While passing through Ashland Richard was struck by the warmth of Rabbi Avi and the diversity and openness of the town. He never considered exploring other denominations of Judaism when the spark reignited in him. “I always believed in God. But I have a problem with Conservative or Reform Judaism. They make light of the miraculous and they don’t go into depth. I need to be with community. You need something to guide your life. There’s a love at Chabad.”

Richard is optimistic about the Jewish future of Ashland. “I think there’s a spiritual draw here. It’s a freedom and an acceptance. It’s kind of cozy. I think the Jewish community is going to grow,” he said.

Steven was completely alienated from Judaism. He lives just outside Ashland. But after years of declining invitations to a Passover gathering by Rabbi Avi, he finally accepted one. Although he still does not consider himself “religious,” he has been genuinely overwhelmed by the warmth of the Rabbi and the satisfaction of having a closer connection to Judaism.

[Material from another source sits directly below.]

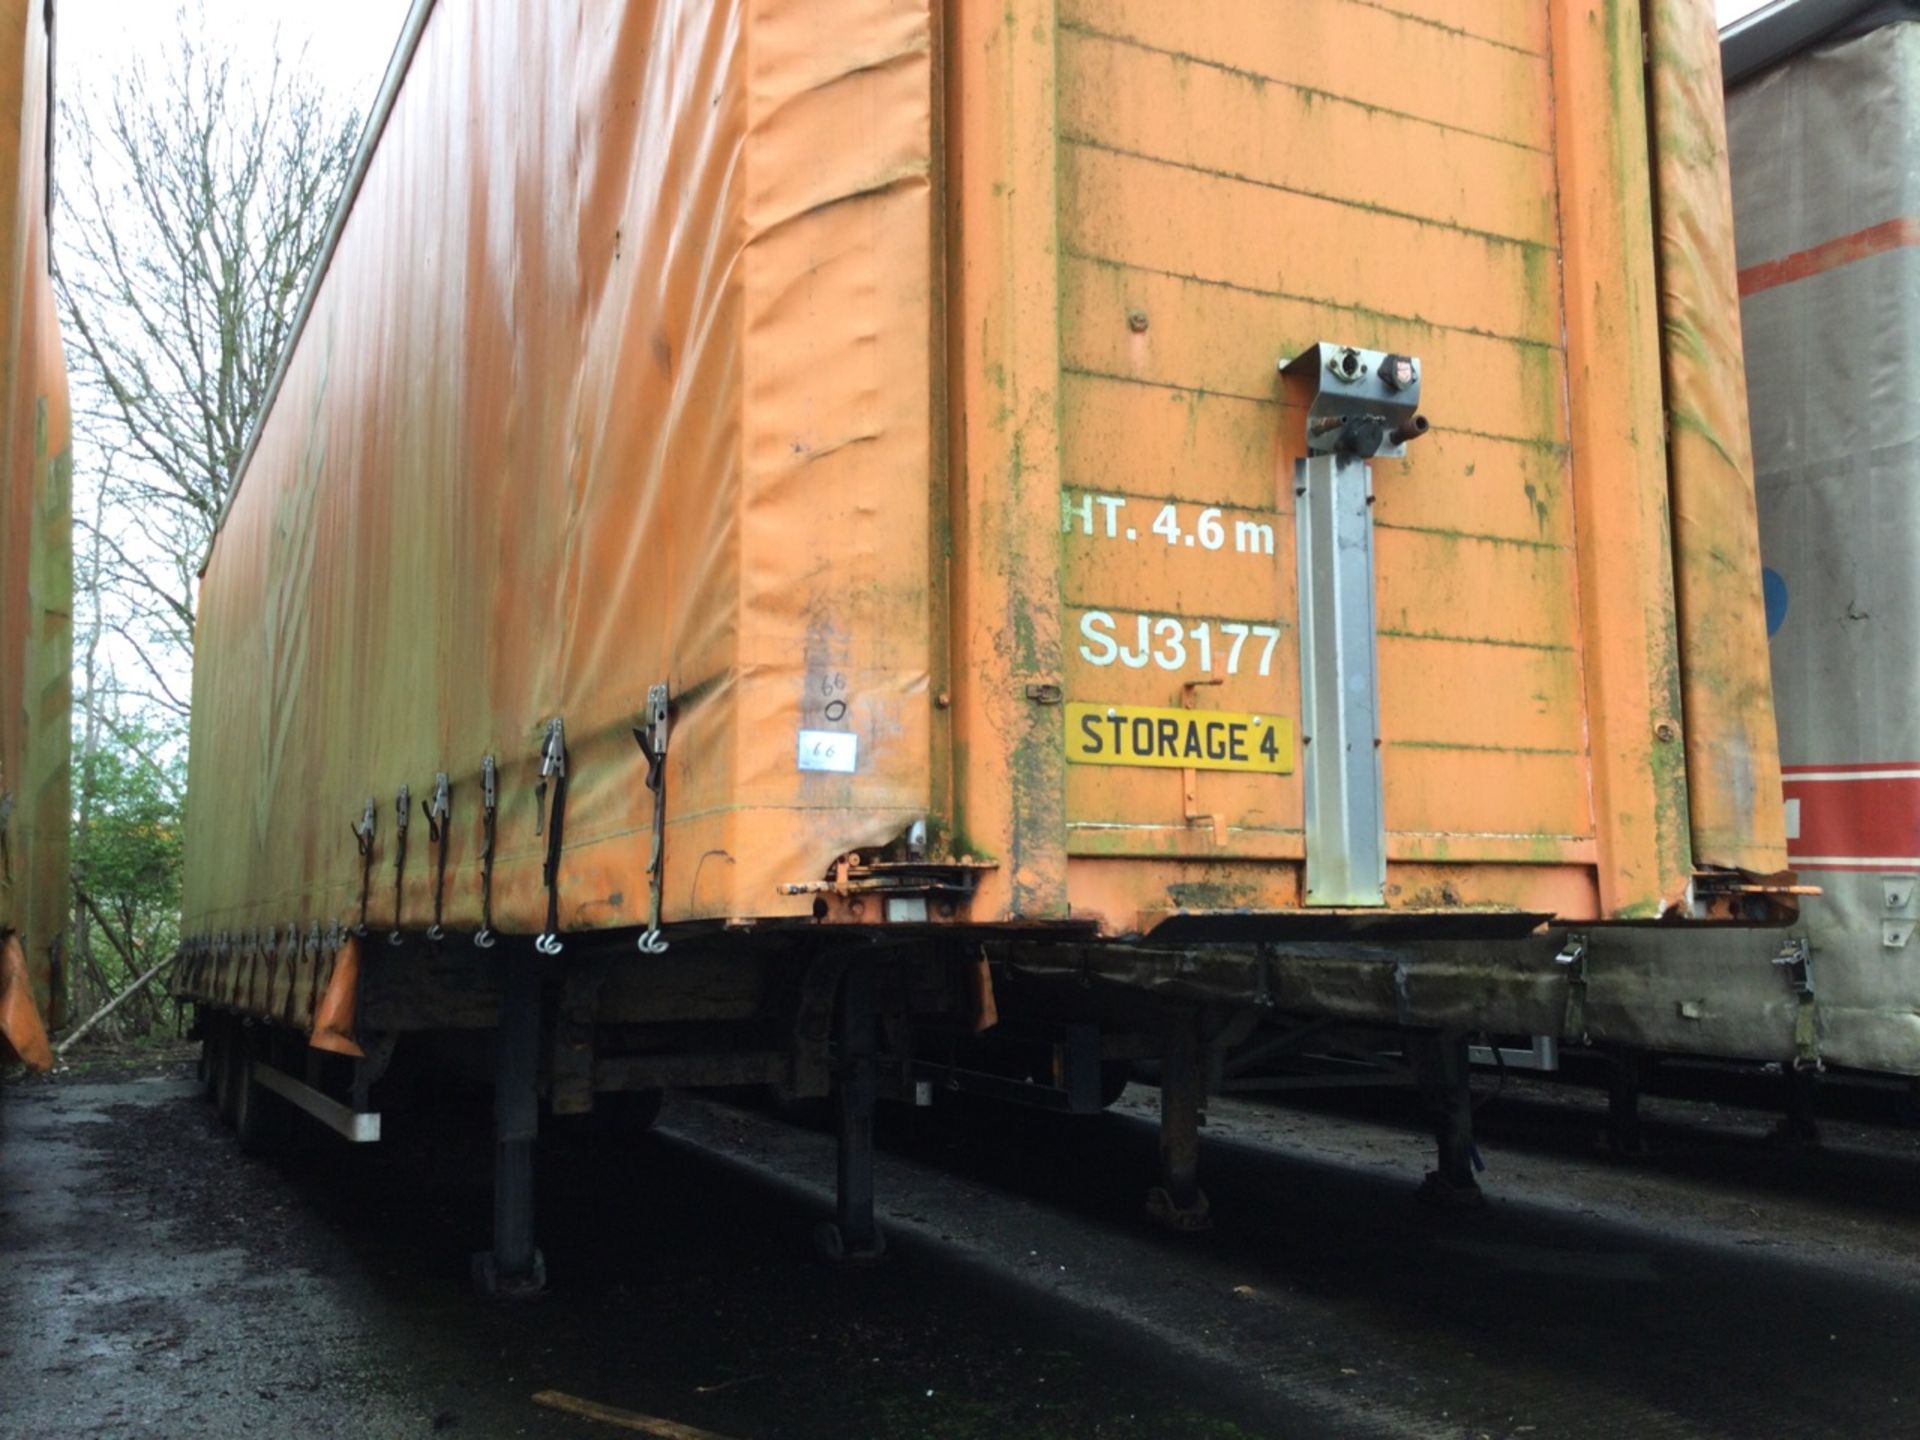 SDC Tri-Axle Curtainside Trailer . Note - No BP on this lot

In a recent testimonial he wrote,

“I began to feel like I was coming home. I was on my way back to a place I had always belonged, but never really understood. Suddenly it became clear that I am not a bad Jew. I have just been wayward in a world filled with mixed messages and cynicism over religion.

Maybe it’s the result of getting older and wanting to know more. For whatever reason, I am no longer a completely lost and confused wayward Jew. I am beginning to find my way back. Talk is cheap, but I have been listening to the Rabbi’s words and witnessing his actions. They are consistent. He is available, willing to make time and always wanting to include people in celebration and observance.”

Like many college towns, Ashland may not be as diverse and open-minded as generally perceived, depending on who is doing the perceiving. The world view at college campuses almost monolithically sways to the Left, as does the culture of the general population in college towns.

Judaism’s emphasis on personal discipline, delayed gratification, chastity, support for Israel, and family values may run counter to a modern, socially liberal agenda. Colleges often breed hostility to Israel and Shakespeare was instrumental in promoting a devastatingly negative image of a Jew in his play The Merchant of Venice. So there may be aspects of the local culture that conflict with a blossoming Jewish identity.

In Steven’s case a half hour’s distance from town suits him well. He expressed his aversion to the eccentric types he encounters in town. “I just like the mountains and scenic beauty. The culture is too much for me to handle for more than a few hours at a time.”